Background: The efficacy of immunotherapies in metastatic melanoma depends on a robust T cell infiltration. Oncogenic alterations of tumor cells have been associated to T cell exclusion. Identifying novel cancer cell-intrinsic non-genetic mechanisms of immune escape, the targeting of which would reinstate T cell recruitment, would allow to restore the response to anti-programmed cell death protein 1 (PD-1) antibody therapy. The epithelial-to-mesenchymal transition (EMT)-inducing transcription factor ZEB1 is a major regulator of melanoma cell plasticity, driving resistance to mitogen-activated protein kinase (MAPK) targeted therapies. We thus wondered whether ZEB1 signaling in melanoma cells may promote immune evasion and resistance to immunotherapy.

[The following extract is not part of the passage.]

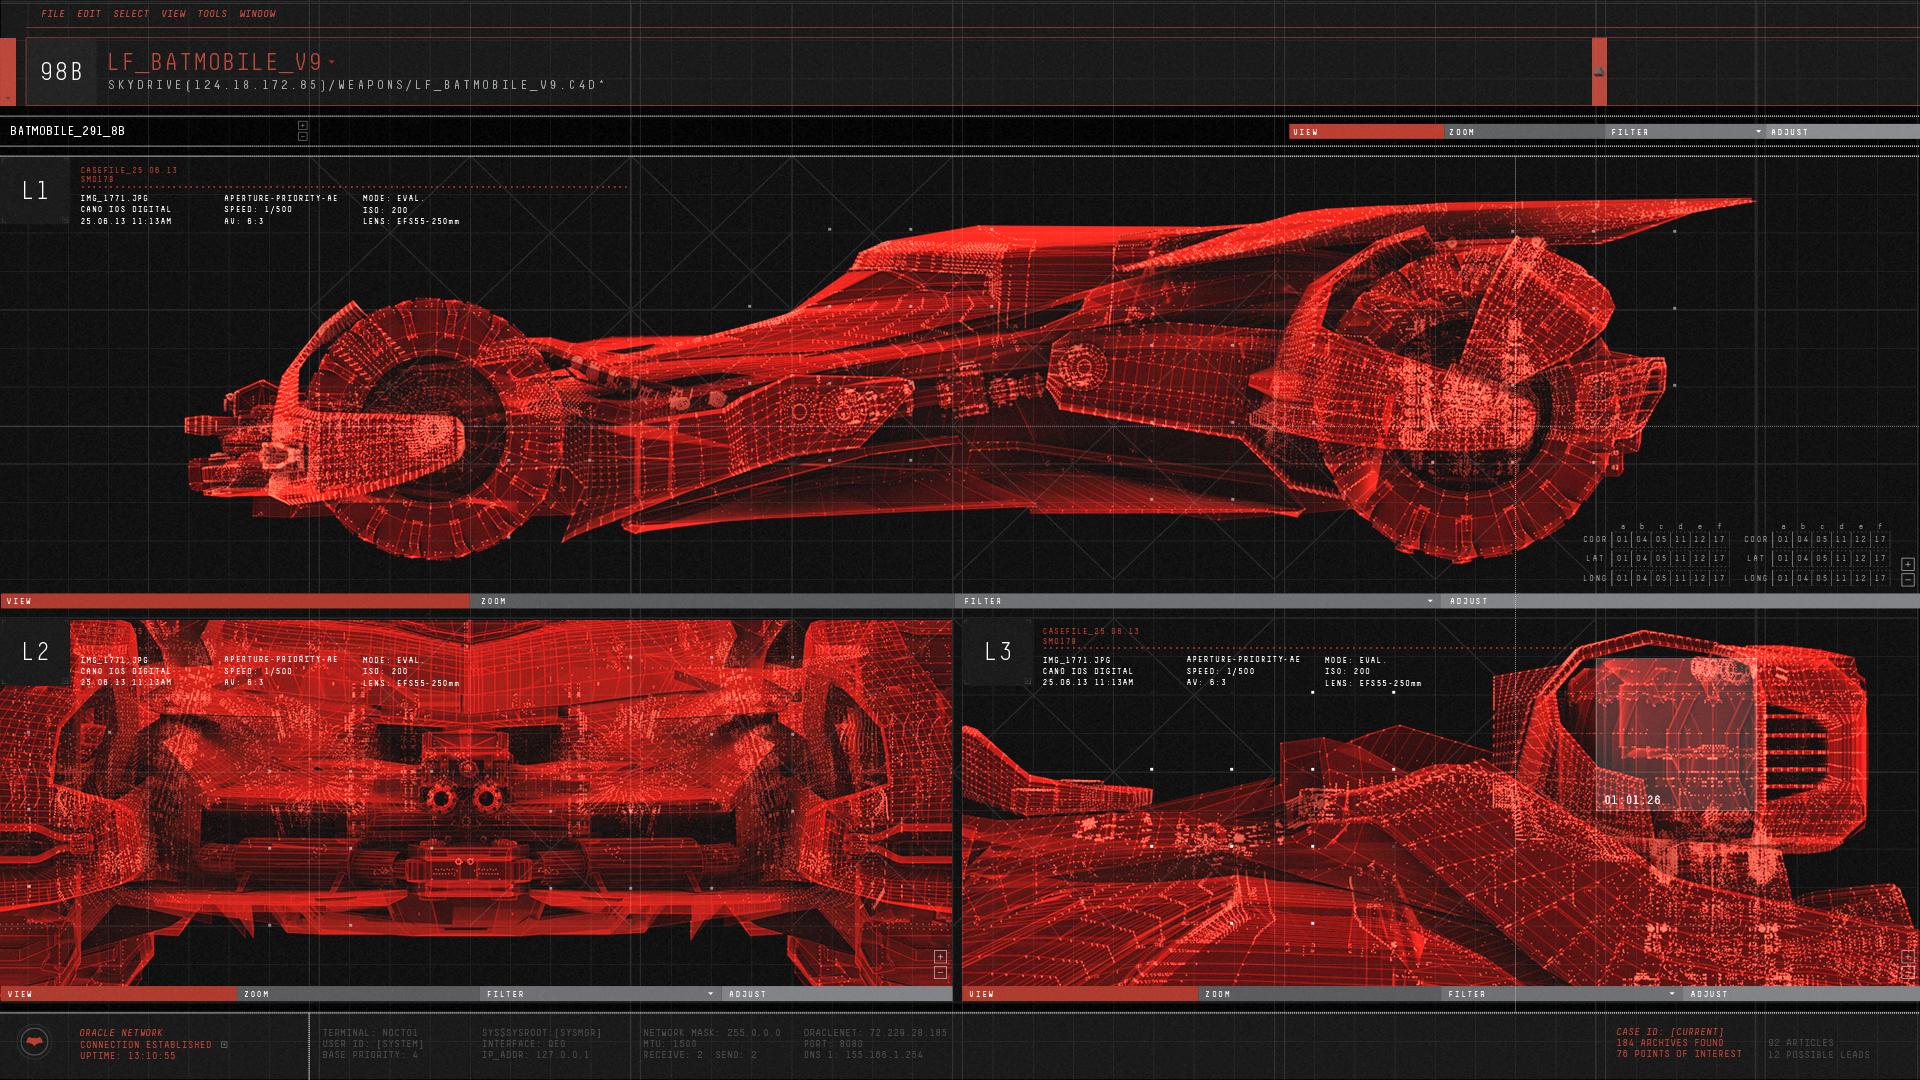 BatcaveOS_batmobile_2_001.jpg

Methods: We evaluated the putative correlation between ZEB1 expression in melanoma cells and the composition of the immune infiltrate in a cohort of 60 human melanoma samples by combining transcriptomic (RNA-sequencing) and seven-color spatial multi-immunofluorescence analyses. Algorithm-based spatial reconstitution of tumors allowed the quantification of CD8+, CD4+ T cells number and their activation state (PD-1, Ki67). ZEB1 gain-of-function or loss-of-function approaches were then implemented in syngeneic melanoma mouse models, followed by monitoring of tumor growth, quantification of immune cell populations frequency and function by flow cytometry, cytokines secretion by multiplex analyses. Chromatin-immunoprecipitation was used to demonstrate the direct binding of this transcription factor on the promoters of cytokine-encoding genes. Finally, the sensitivity to anti-PD-1 antibody therapy upon ZEB1 gain-of-function or loss-of-function was evaluated.

Results: Combined spatial and transcriptomic analyses of the immune infiltrates in human melanoma samples demonstrated that ZEB1 expression in melanoma cells is associated with decreased CD8+ T cell infiltration, independently of β-catenin pathway activation. ZEB1 ectopic expression in melanoma cells impairs CD8+ T cell recruitment in syngeneic mouse models, resulting in tumor immune evasion and resistance to immune checkpoint blockade. Mechanistically, we demonstrate that ZEB1 directly represses the secretion of T cell-attracting chemokines, including CXCL10. Finally, Zeb1 knock-out, by promoting CD8+ T cell infiltration, synergizes with anti-PD-1 antibody therapy in promoting tumor regression.

Conclusions: We identify the ZEB1 transcription factor as a key determinant of melanoma immune escape, highlighting a previously unknown therapeutic target to increase efficacy of immunotherapy in melanoma.

Trial registration number: NCT02828202.

Keywords: immunotherapy; lymphocytes; melanoma; tumor escape; tumor microenvironment; tumor-infiltrating.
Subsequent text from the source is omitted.